Hi Guys , i'm looking at possibly purchasing a new set of irons within the next couple of months and have been out having a look at a few sets. What i noticed when addressing an invisible ball was that , in every case , the toe of the club was up in the air , enough so you could probably slide a couple of penny's underneath the end of the  clubhead.

I have just checked my present clubs and have noticed the same with them . My usual shot , having recently adjusted my swing is either straight or tends to 'push' right , rather than slice . I have checked my alignment which appears ok. I am about 5' 8" with a very stocky ( read overweight  ) frame which means i have a long body but legs that are on the short side !!!

I know that custom fitting will help set up the clubs correctly but for the time being , what i'd like to know is how would this affect my swing/ball striking with the toe sitting high ?


----------



## bobmac (Mar 27, 2009)

Dont worry, your clubs are correct.
The toe should be sitting off the ground at address because when you swing, the shaft bends down, therefor bringing the head back flat on the ground.
If you have any doubts, ask your local pro to test your irons on an impact board with tape.
He'll know what you mean


----------



## RGDave (Mar 27, 2009)

The toe should be sitting off the ground at address because when you swing, the shaft bends down, therefor bringing the head back flat on the ground.
		
Click to expand...

I once read that you should be able to slide a penny under the toe.....I look for this when setting up.

I wonder if bob could answer (please, oh wise one!) that IF you were to to make the shaft a degree or two upright, would this make the penny space more or less?

I'd have thought the "flatter" the lie, the less the toe would sit up in the air....think Ronnie Corbett....

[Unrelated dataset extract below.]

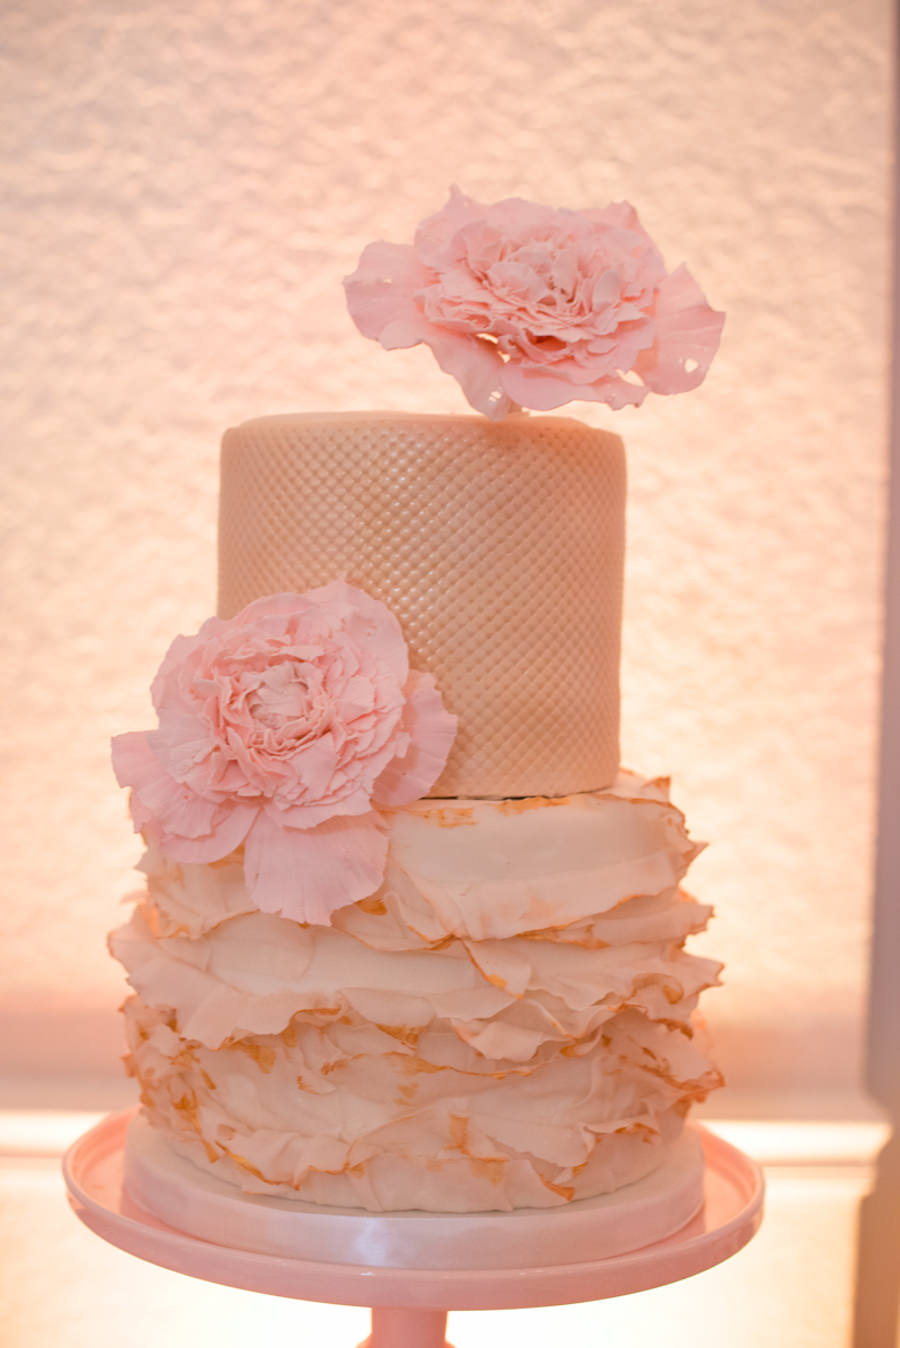 Two Tier Blush Pink Wedding Cake with Ruffled Icing and Blush Roses | Bride and Groom Wedding Sparkler Exit at St. Pete Wedding Venue The Sirata | St. Petersburg Wedding Photographer Castorina Photography
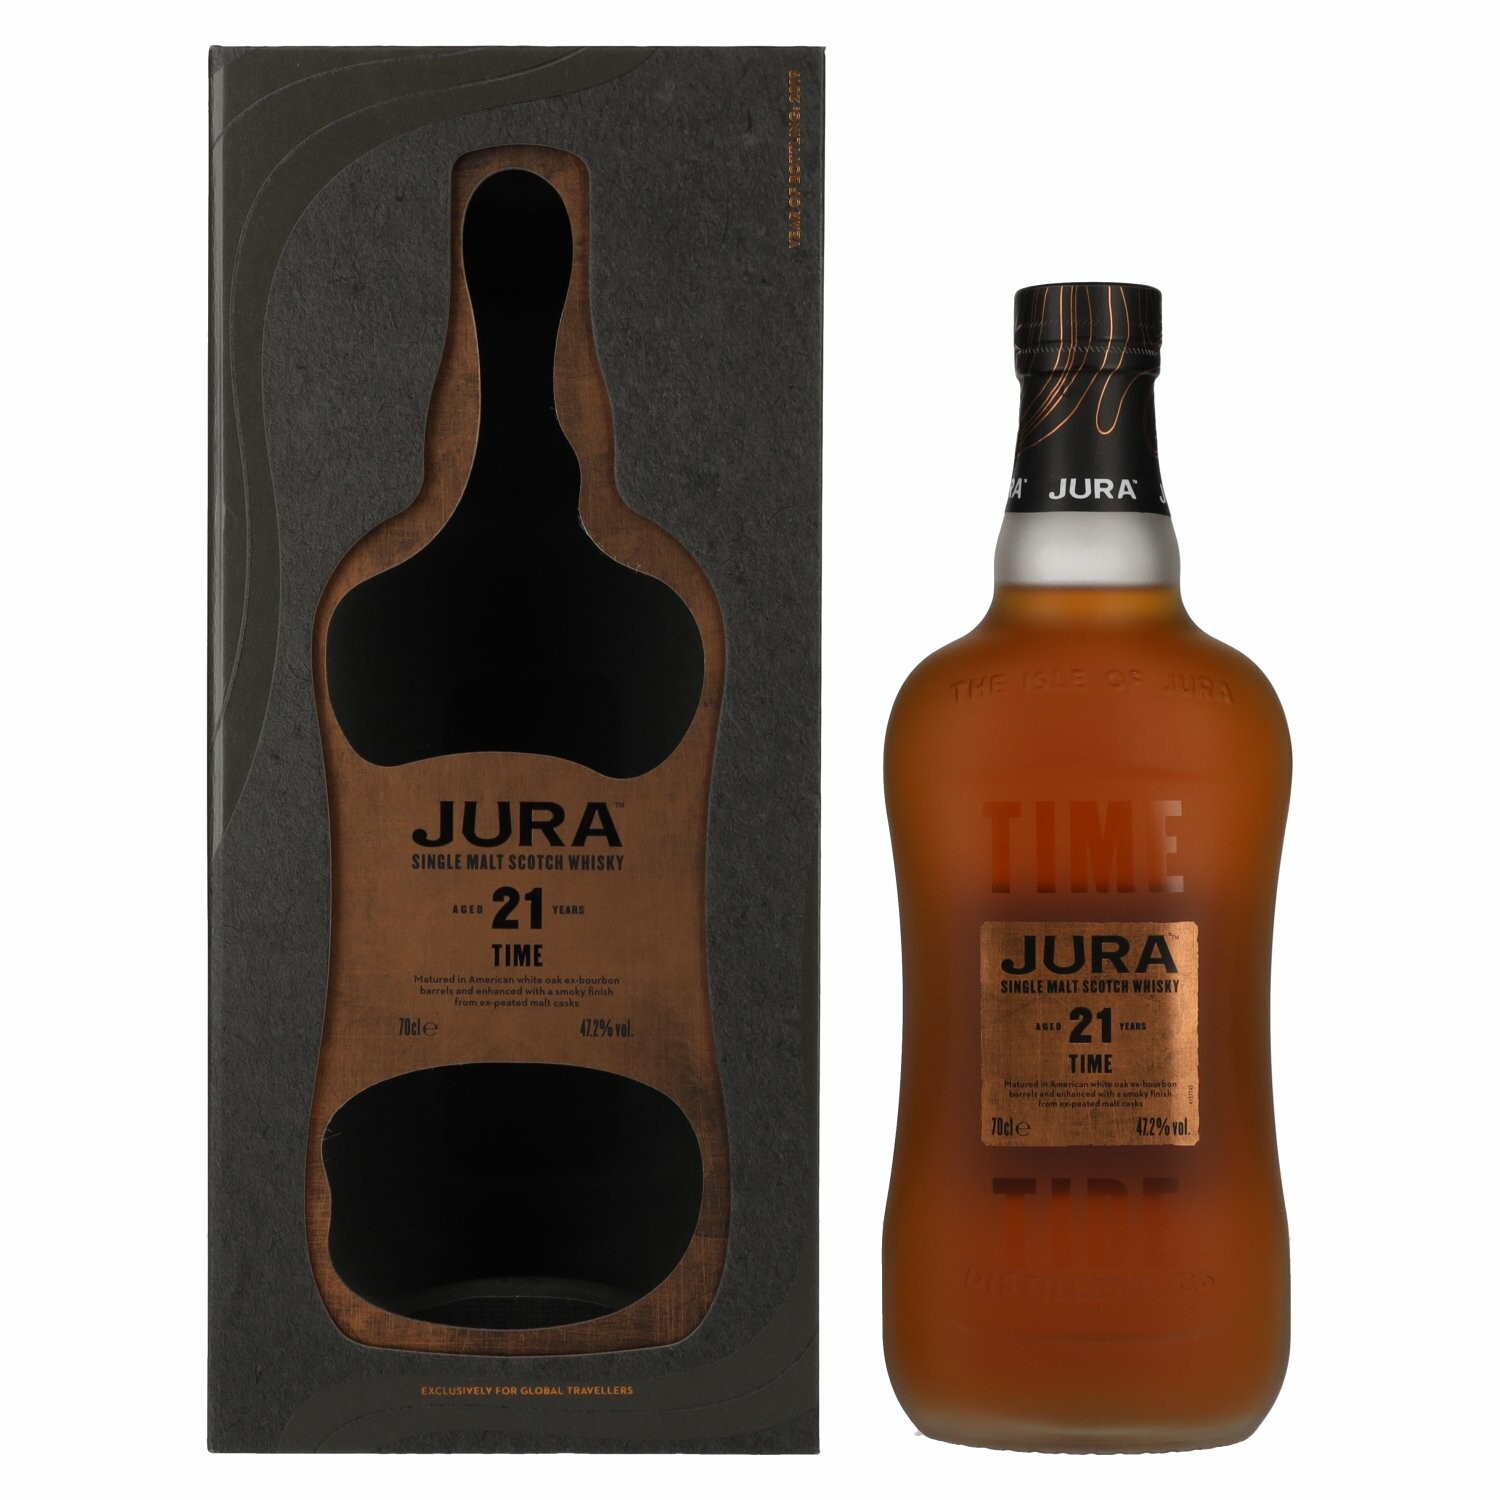 Jura 21 Years Old TIME & Tide Single Malt Scotch Whisky 47,2% Vol. 0,7l in Giftbox

I found the only set of C/F irons I had seemed to sit 100% flat at address, this was one of the issues I had with them...


----------



## bobmac (Mar 27, 2009)

The toe should be sitting off the ground at address because when you swing, the shaft bends down, therefor bringing the head back flat on the ground.
		
Click to expand...

 *I wonder if bob could answer (please, oh wise one!)*  that IF you were to to make the shaft a degree or two upright, would this make the penny space more or less?
		
Click to expand...

I dont know if this is a test or you're taking the mick.
The question was should the club sit toe up at address and I answered yes, it should be slightly toe up.
I'm sure lots of people on here know that.
Maybe I'll just keep quiet in future and let the GM top 25 coach answer all the questions.
If you weren't taking the mick, then I apologise and I'll get back in my box


----------



## RGDave (Mar 28, 2009)

bobmac, it was a serious and respectful enquiry. I was confused because I couldn't work out (in my thick head) what would happen IF you were to adjust the shaft a degree or two more upright.

I bought some Mizuno irons and they were supposedly 2 degrees upright, yet intriguingly, they sat flatter to the ground (no space under the toe) than my previous non-CF set.

My current irons sit great, these Mizunos were tricky, but i.i.r.c. Mizuno lies are flatter anyway??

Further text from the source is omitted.